For once, that was no idle boast, even though there is a tendency to over-gush at these kind of affairs.

But, hey it’s not every night you get to hear Judi Dench uncover new, heartfelt meaning in Sondheim’s “Send In the Clowns” from A Little Night Music. Or, to be in the room when Haydn Gwynne (winner of Drama Desk and Theatre World awards for Billy Elliot on Broadway) redefined “Ladies Who Lunch,” from Company, and made it her own.

We, of course, remain humble servants to Patti LuPone who sang the same number, superbly, three years ago when she was in the company of Company next door at the Gielgud.
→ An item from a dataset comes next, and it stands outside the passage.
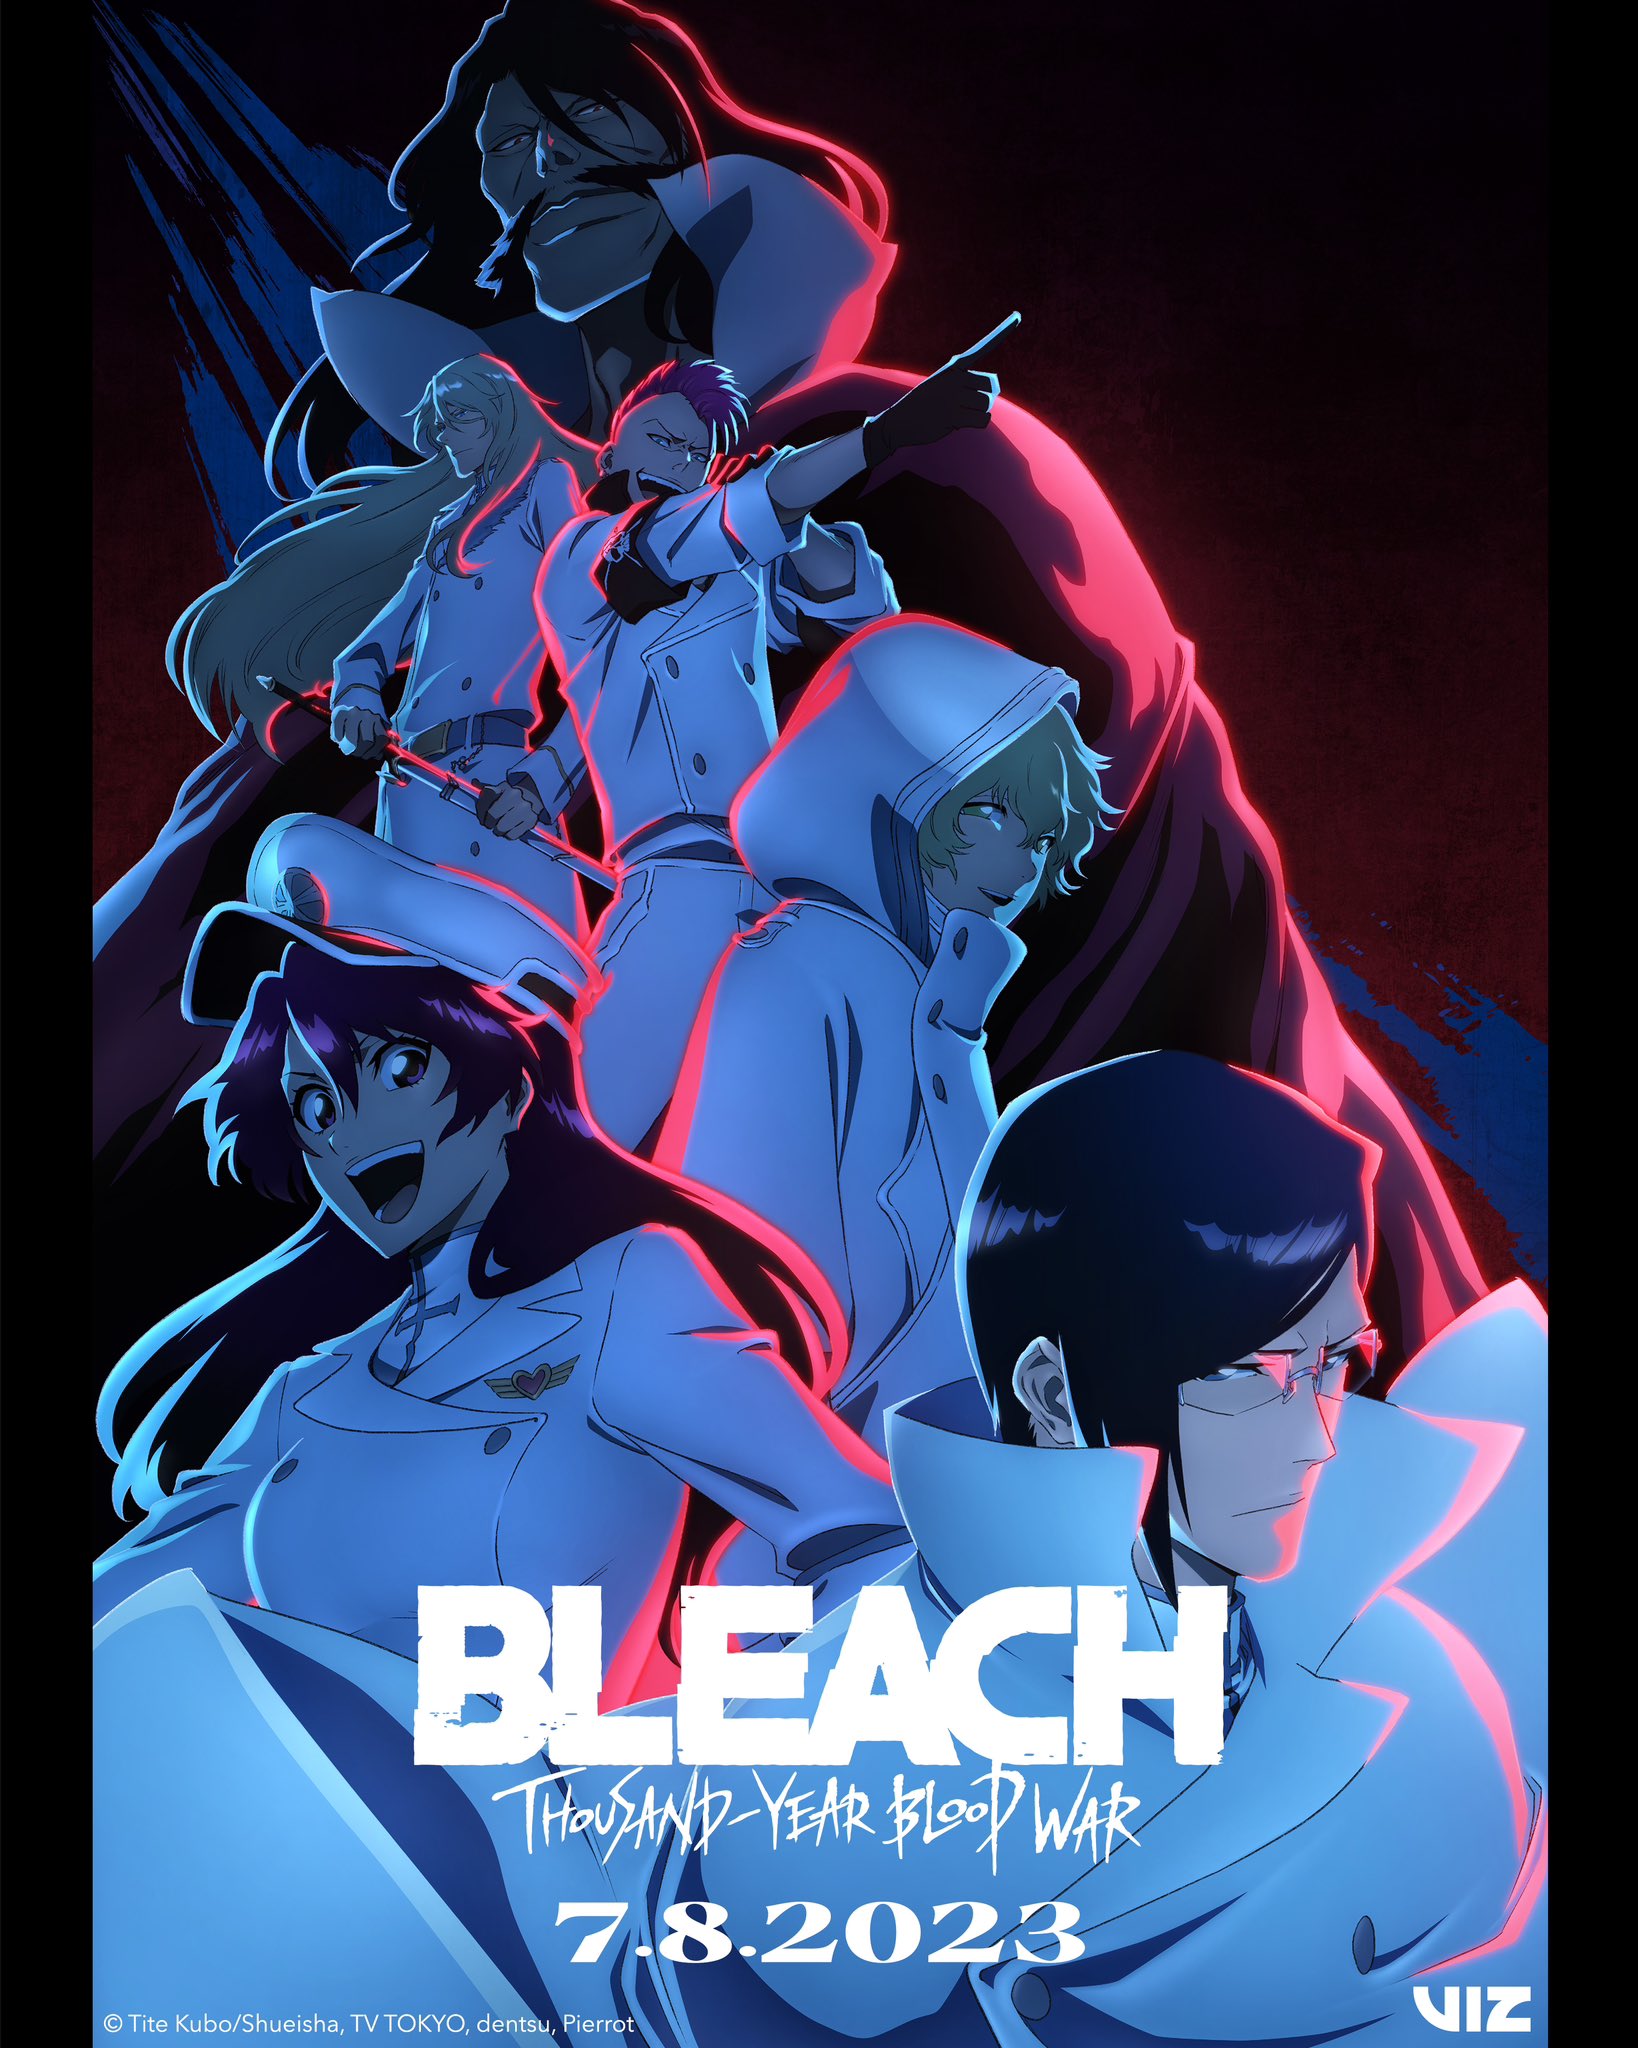 Bleach: Sennen Kessen-hen – 3º Parte do último arco em 2024 - Manga Livre RS

She’s wowing Broadway audiences in the production’s transfer to the Bernard B. Jacobs Theater.

Yes, history was also made when Michael Ball took on “Could I Leave You?” from Follies. “First time it’s ever been performed by a man; anywhere,” Ball shared with Deadline at the after-party, held over in Leicester Square at the Prince of Wales Theatre.

He was nervous, he confessed.

Not evident when he sang; he knocked it out of the park, a phrase chosen for American readers.

Ball knocked it out of the park several times, in fact, partnering with Maria Friedman (also a director of Old Friends, with Matthew Bourne and choreographer Stephen Mear), performing delicious numbers from Sweeney Todd.

Ingenious staging of “Broadway Baby,” from Follies, had Julia McKenzie appear centre stage to sing, and then be abruptly — comically — upstaged by Bernadette Peters, and so on until a lineup of 10 Broadway Babies electrified the boards.

Take a bow Helena Bonham Carter, Rosalie Craig, Maria Friedman, Josefina Gabrielle, Amy Griffith, Haydn Gwynne, Bonnie Langford, Jenna Russell and the aforementioned McKenzie and Peters.

Mackintosh devised and curated Old Friends, there’s not a single dud in his selection.

Whether it’s Damian Lewis, Rob Brydon, Julian Ovenden and Siân Phillips vamping it up with “Everybody Ought to Have a Maid,” from A Funny Thing Happened on the Way to the Forum; or Anna-Jane Casey, Langford and Peters contorting themselves by way of explaining the gimmicks used in their field of expertise as ecdysiasts; there was indeed, something for everyone…

A gentleman representing Sondheim’s estate, he requested that his name not be used here, told Deadline that the actress Janie Dee would forever be granted permission to perform Sondheim’s tongue-twisting “The Boy From …” “She was perfection,” he said.

Imelda Staunton, allowed time off from shooting new episodes of The Crown, in which she portrays Queen Elizabeth, reigned supreme performing “Everything’s Coming Up Roses,” from Gypsy.

These were Old Friends the capacity audience was delighted to spend an evening with, so much so, they lingered for 20 minutes after the last artist left the stage.

The show was filmed, in order to transmit a live satellite feed to an audience at the nearby Prince Edward Theatre.

There is no deal in place with any of the artists and creatives for Old Friends to be broadcast, for now.

“There are discussions to be had,” said Mackintosh.

“I think the public might like to see it,” he added, smiling.